We want to hear your requirements and input on the roadmap. New features can be requested by opening a Tracker feature or by posting them to the xCAT mailing list. There is also a wish list specifically for the xCAT web interface.
Candidates for xCAT 2.7.x
- FB support on AIX 7.1D and RHEL6.2. (Xiao Peng, Jie Hua)
- FB IB QDR support on AIX 7.1D and RHEL6.2 (Jie Hua)
- p7 HV16 IB QDR on AIX 7.1 & RHEL6.2 (Jie Hua)
- p7 IH support with RHEL6.2 (with custom kernel) for internal and beta use (Ting Ting)
- DB2 support on RHEL 6.2 (Ting Ting)
- SLES 11 SP2 support (Yang Song)
- kdump support for SLES diskless nodes (Xu Qing)
- HA MN support on Linux (Guang Cheng) - is this for x or p775??
- AIX statelite enhancements. (set up resolv_conf resources on backup service nodes) (AIX) (Norm)
- Rolling update for RHEL 6.2 system x cluster (Bai Yuan)
- DFM library clean up of extended error code processing: current error handling has some duplication of error codes with a single response causing misleading error code messages. (Bill)
- Support wildcard in litefile table for image attribute. Add support for wildcards in the litefile.image attribute, so one entry could match multiple images names. Customer has some images for gpfs storage nodes, all the images start with ST, they want to have something like "ST*" in the litefile table for these images.(Hua Zhong)

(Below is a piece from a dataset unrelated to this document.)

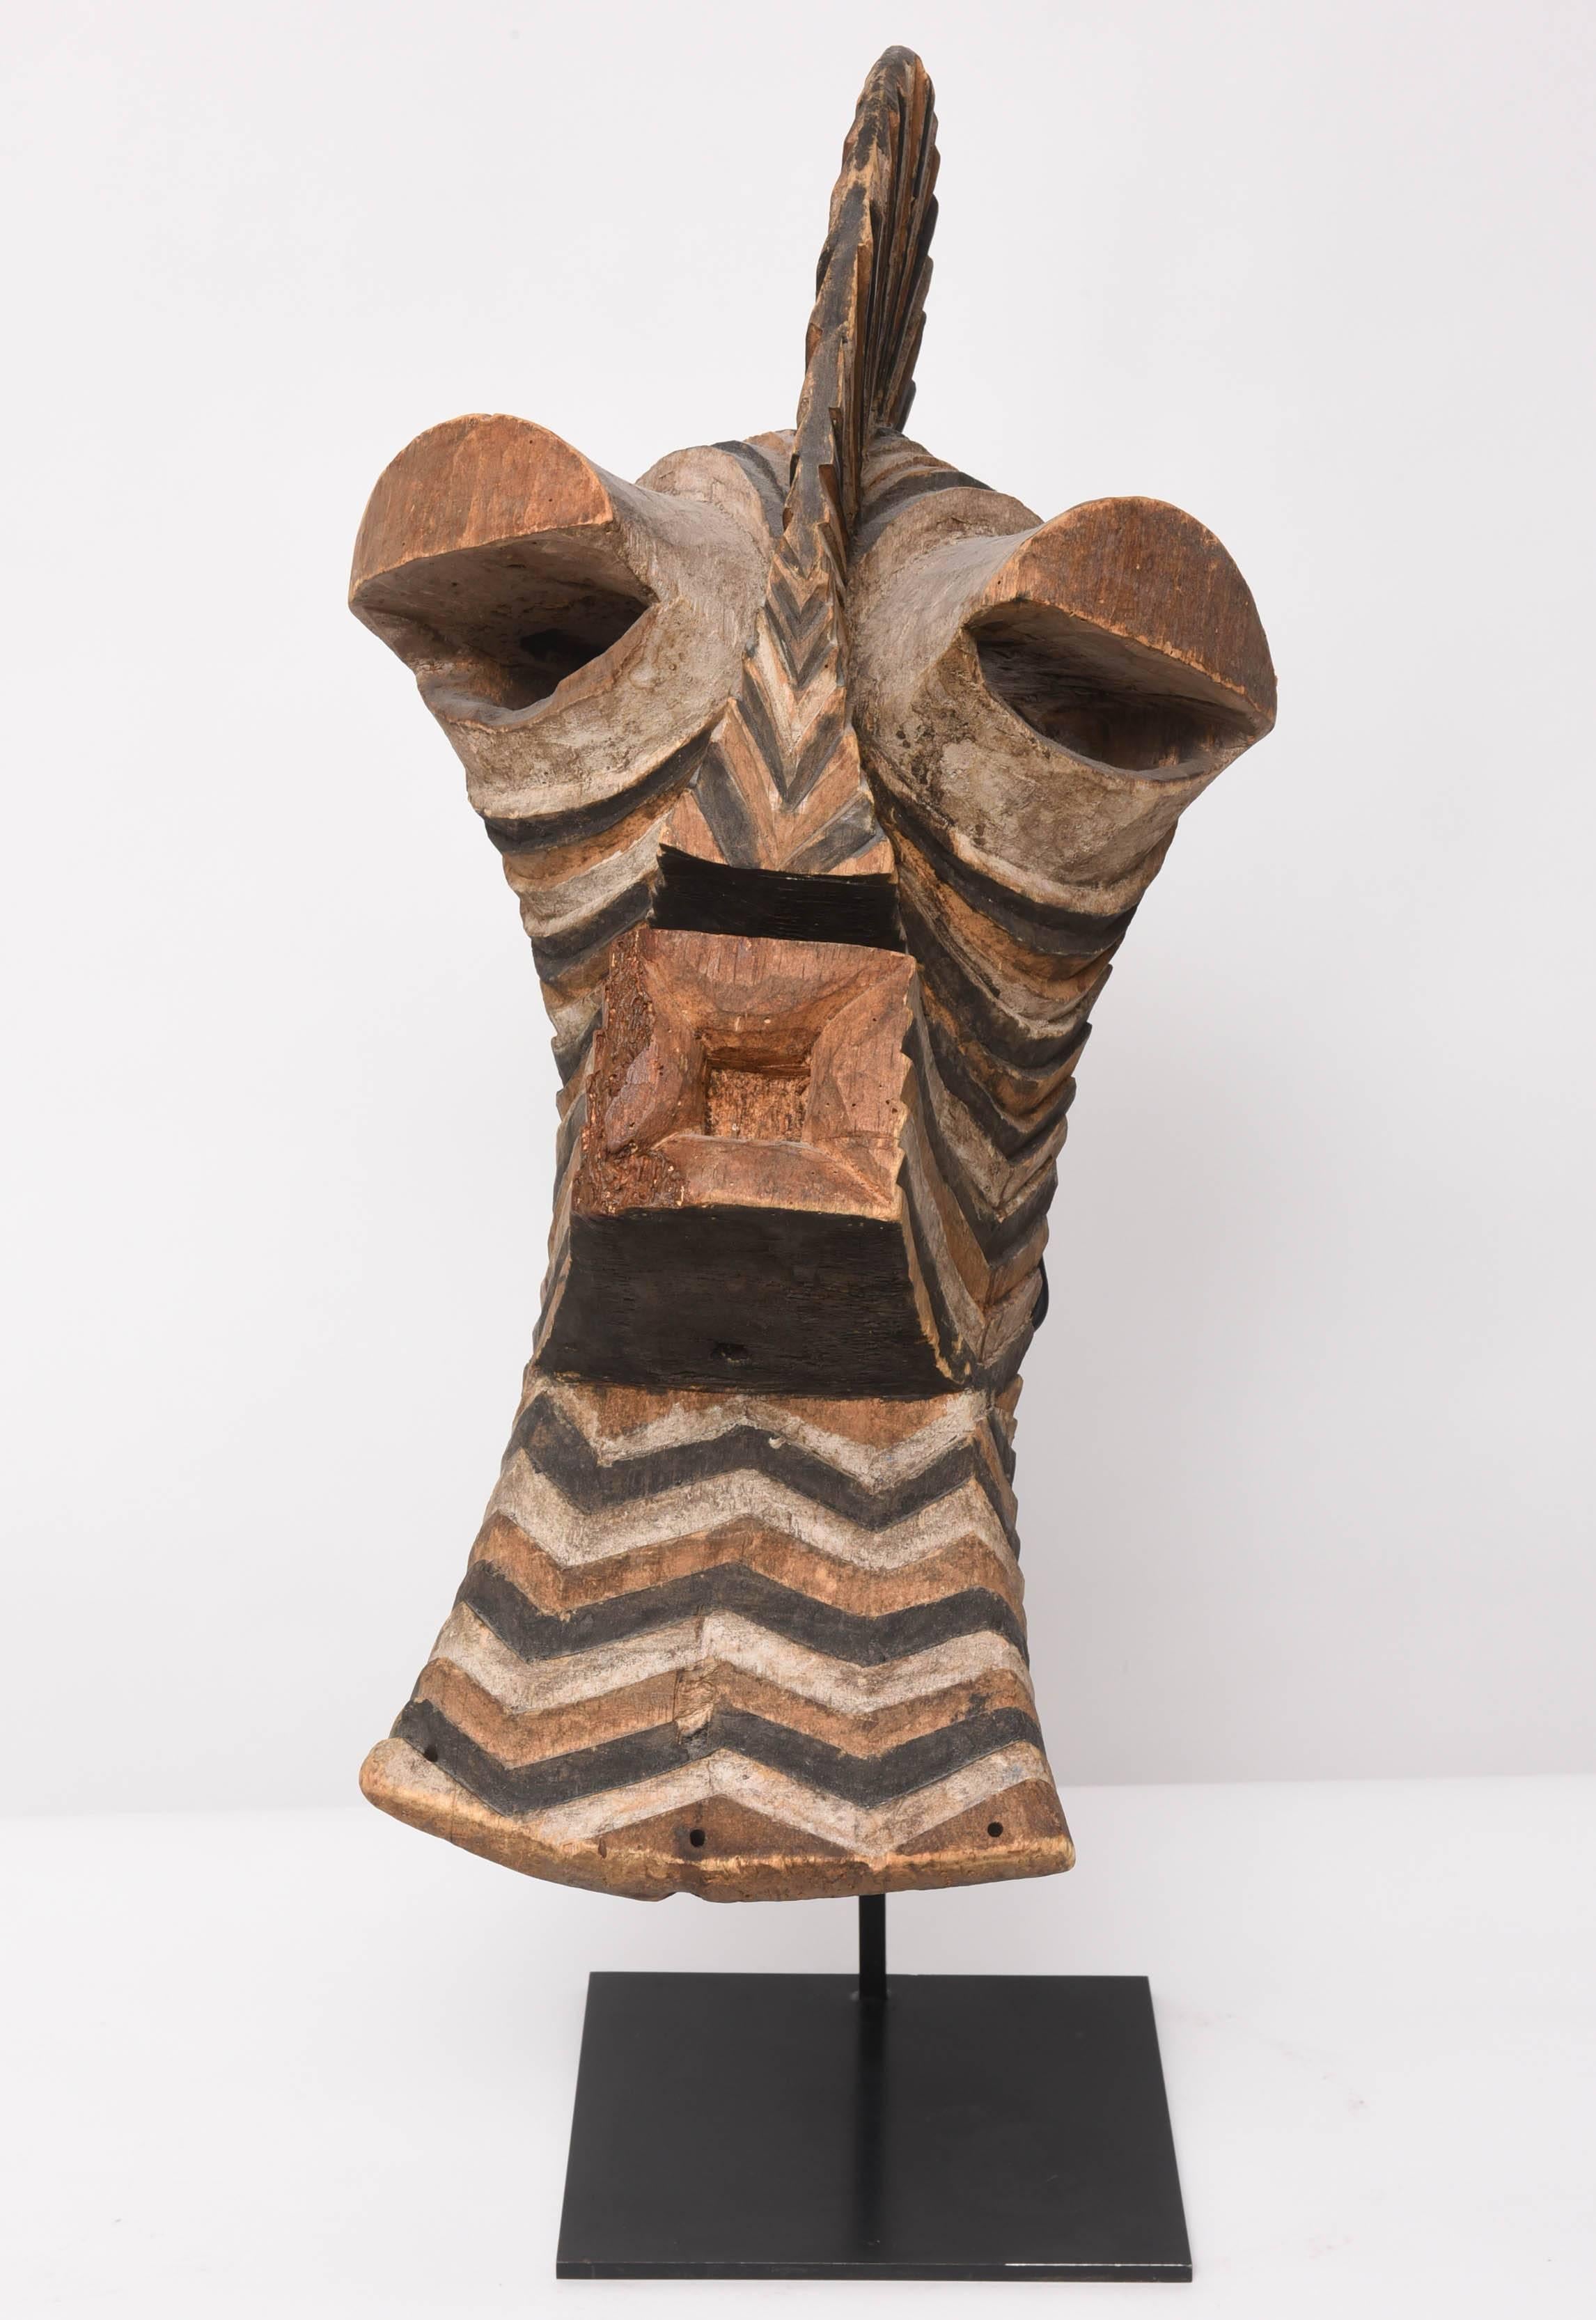 This 19th century large carved wooden mask with a chevron-pattern colored in ochre, white and black pigments, in the style of a ceremonial Kifwebe, of the Songye People, a Bantu ethnic group from the central Democratic Republic of Congo. Similar to

- Postscripts logic cleanup, bug https://sourceforge.net/tracker/?func=detail&aid=3487614&group_id=208749&atid=1006945 (Guang Cheng)
- Move the creation of the mypostscript file from /tmp/mypostscript to /xcatpost/mypostscript
- Extract the common code for generating the mypostscript file and make it common across all scripts under /opt/xcat/share/xcat/install/scripts
- Could diskful installation and diskless boot use the same logic to create postscript file
- Add timestamps on the running of the postscripts and start and stop headers in /var/log/xcat/xcat.log
- Writing xcat.log (and output returned to caller) in stream like mode
- Change all logger calls (in xCAT) to this format logger -p local4.info -txCAT <msg>, to put all xCAT syslog entries under local4. Currently inconsistent. MsgUtils uses local4, logger calls use "user". This is important so we can filter all xCAT entries to a logfile.

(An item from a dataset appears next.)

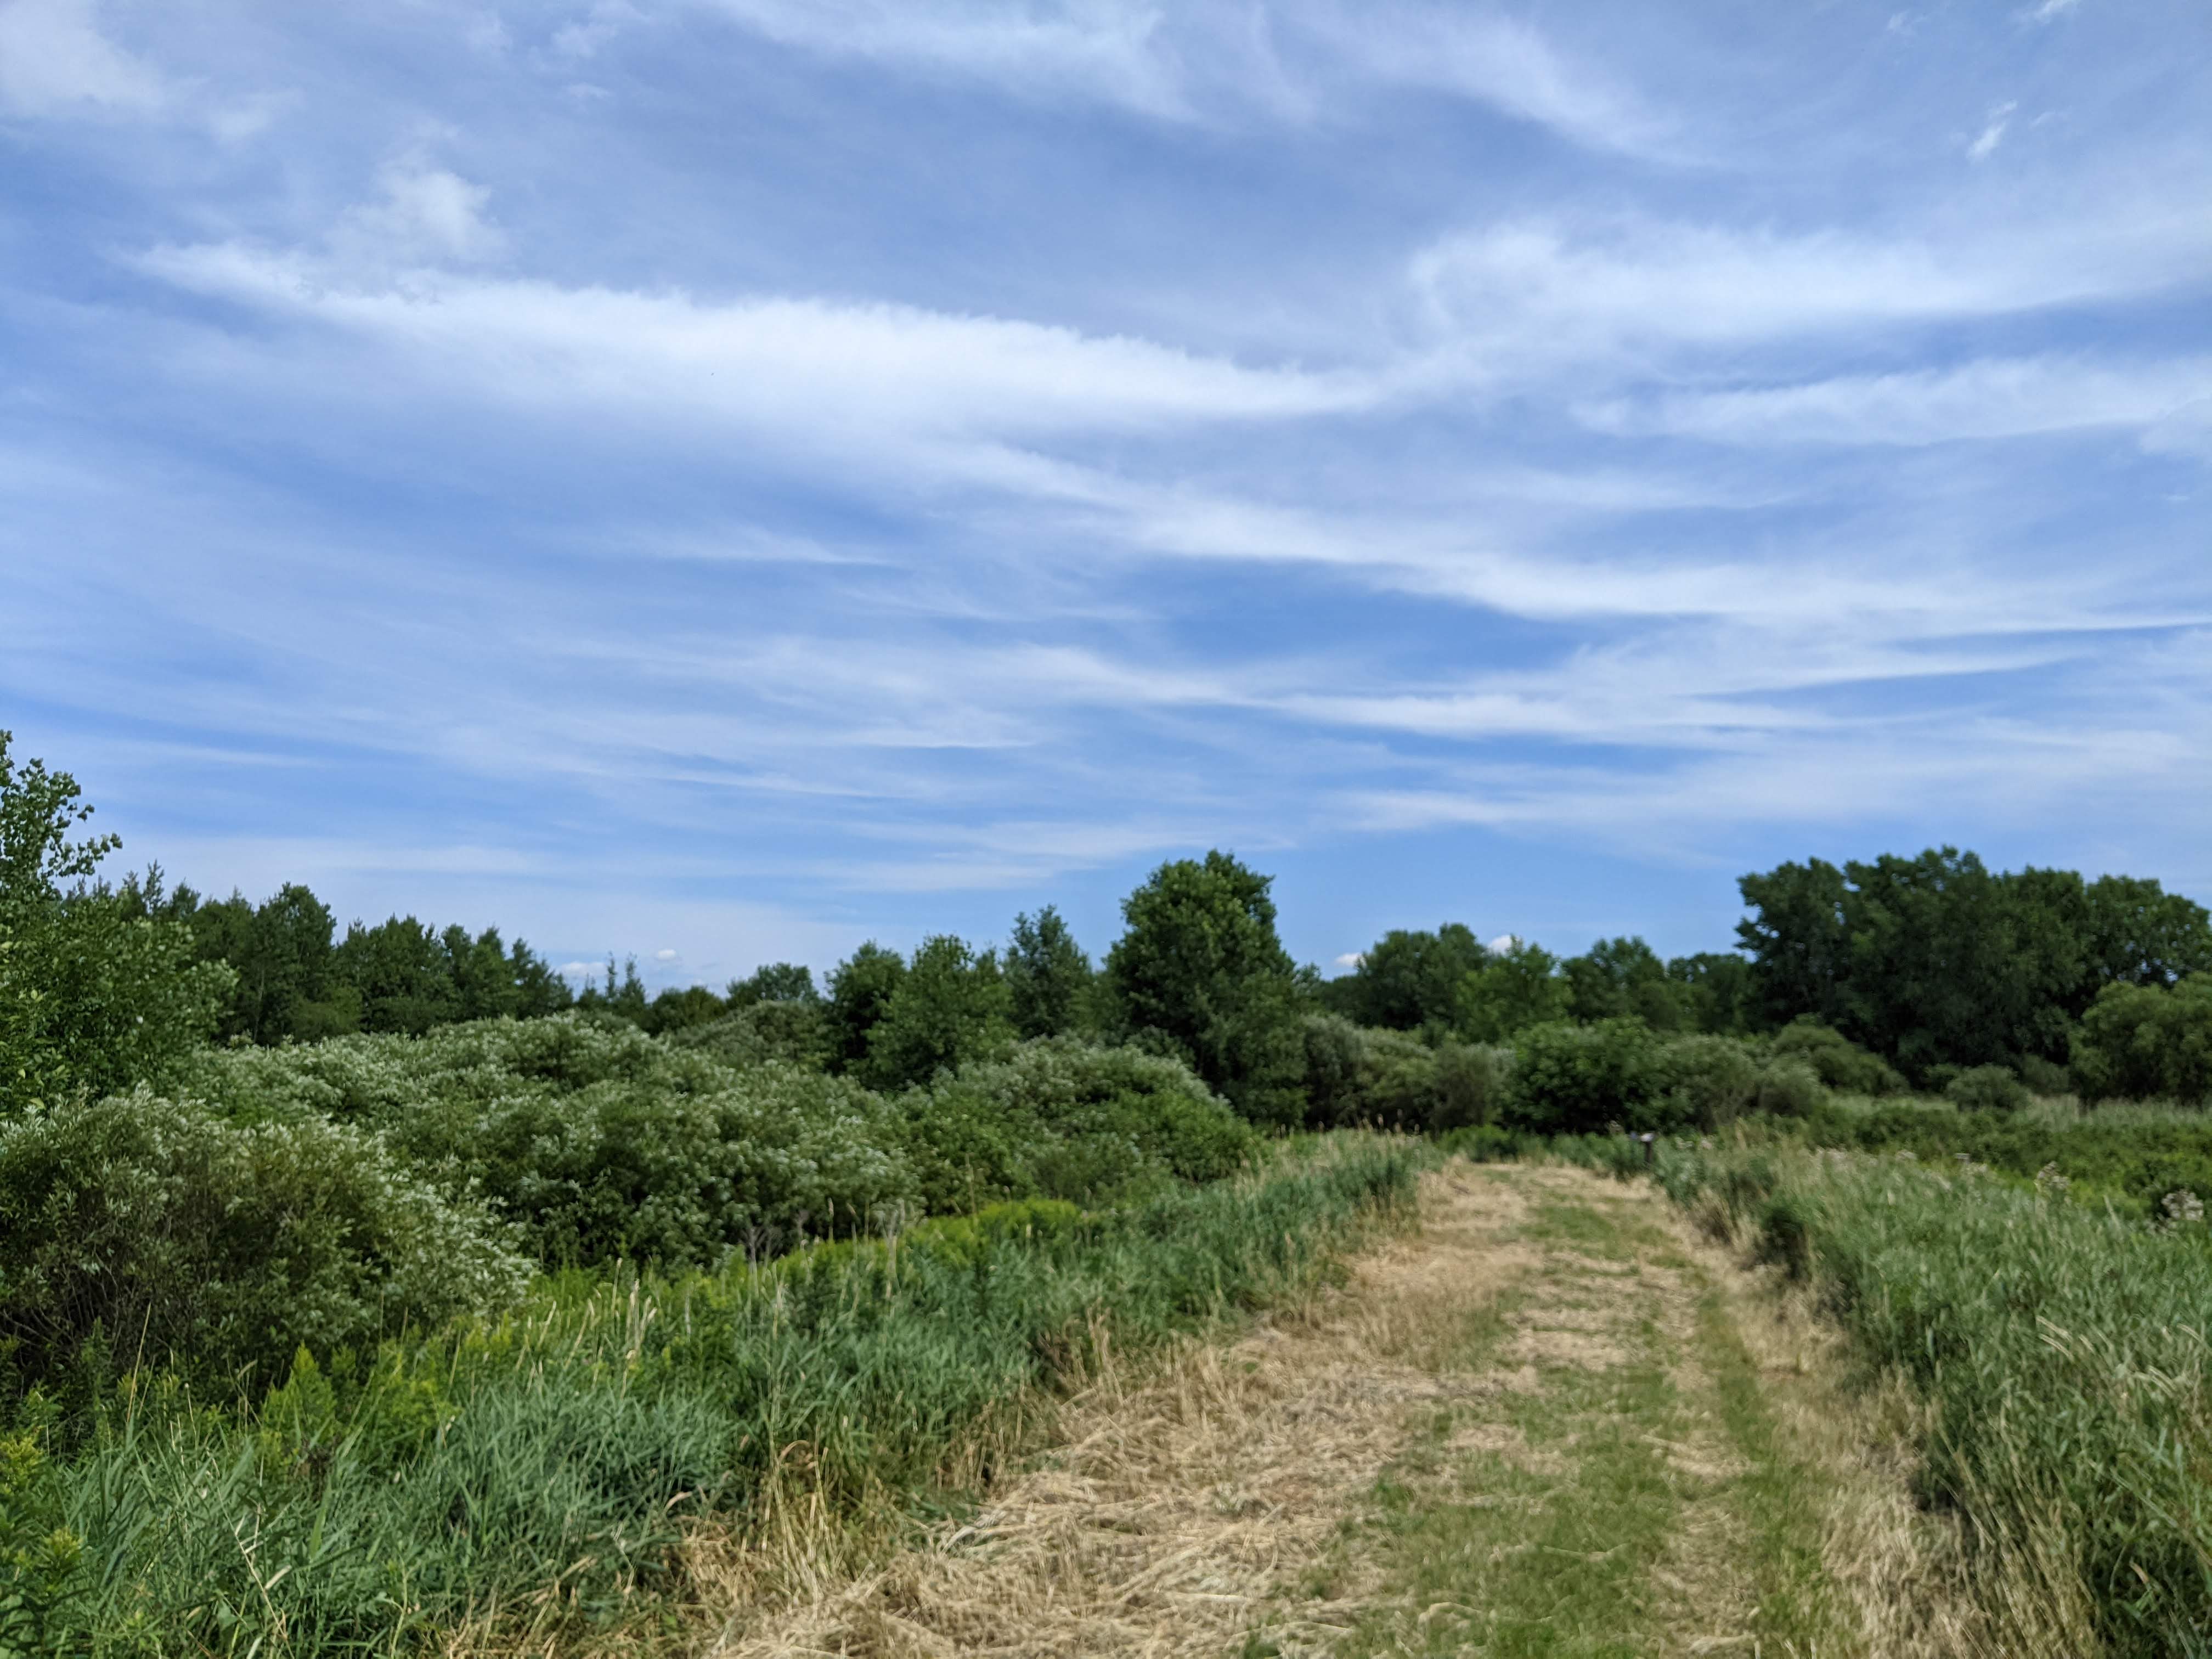 Coughlin Community Natural Area

- p7 IH Firmware assisted dump for linux (Hua Zhong)
- Scaling and performance improvements for xcat during DARPA demos.
- AIX 7.1.F, AIX 6.1.S support (Han Jing)
- HA NFS for service nodes using for Linux, use CNFS or NFSv4 replication(Guang Cheng)
- Nagios monitoring plugin (Ling/CDL) - done??
- Support multiple domains, initial design: https://sourceforge.net/apps/mediawiki/xcat/index.php?title=Managing_Multiple_Sites_and_Clusters (Norm)
- HPC integration updates for new HPC product versions & packaging. Also, maybe support for some open source HPC tools(Hua Zhong) - start transitioning to something closer to kits??
- Support aix/linux mixed clusters (Cao Li)
- Encrypted passwords in xCAT tables. Do not show the real passwords to users. Bug 3364300 https://sourceforge.net/tracker/?func=detail&aid=3364300&group_id=208749&atid=1006945 (On password storage, encryption is possible via a passphrase, anything else would be mere obfuscation. MD5 is not an encryption algorithm, it is a hash algorithm. Programs needing a password cannot derive it from MD5 hashes. Programs that need to authenticate clients don't need to remember passwords, just hashes of the password, but the client needs to know passwd.) (Sun Jing)
- Power 775 firmware concurrent update (Jie Hua)
- Add an optional version # to the client/xcatd XML protocol. (Get this in early, so we can exploit it later.)
Candidates for xCAT 2.8
Priority 1 items
- Support for latest versions of RHEL, CentOS, Fedora, SLES, AIX and Windows (Yang Song, Norm, Xiao Peng)
- Support for latest hardware(Testing driven, Ting Ting)
- PCM/xCAT integration
- HPC integration updates for new HPC product versions & packaging (in kit format, or close to kit format). (Hua Zhong)
- Network boot for IPv6 (delivery target: xCAT 2.8 for AIX and xCAT 2.8.x for Linux) (Guang Cheng) - trying to move aix ipv6 to 2013
- Support SDMC (initial support, more work will be done in 2.8.x) (Yin Le)
Priority 2 items
- Support statelite image group, add a new colume osimage.groups, the litefile.image and litetree.image can refer to the osimage.groups to specify multiple statelite images use the same entry in litefile and litetree tables. (Hua Zhong)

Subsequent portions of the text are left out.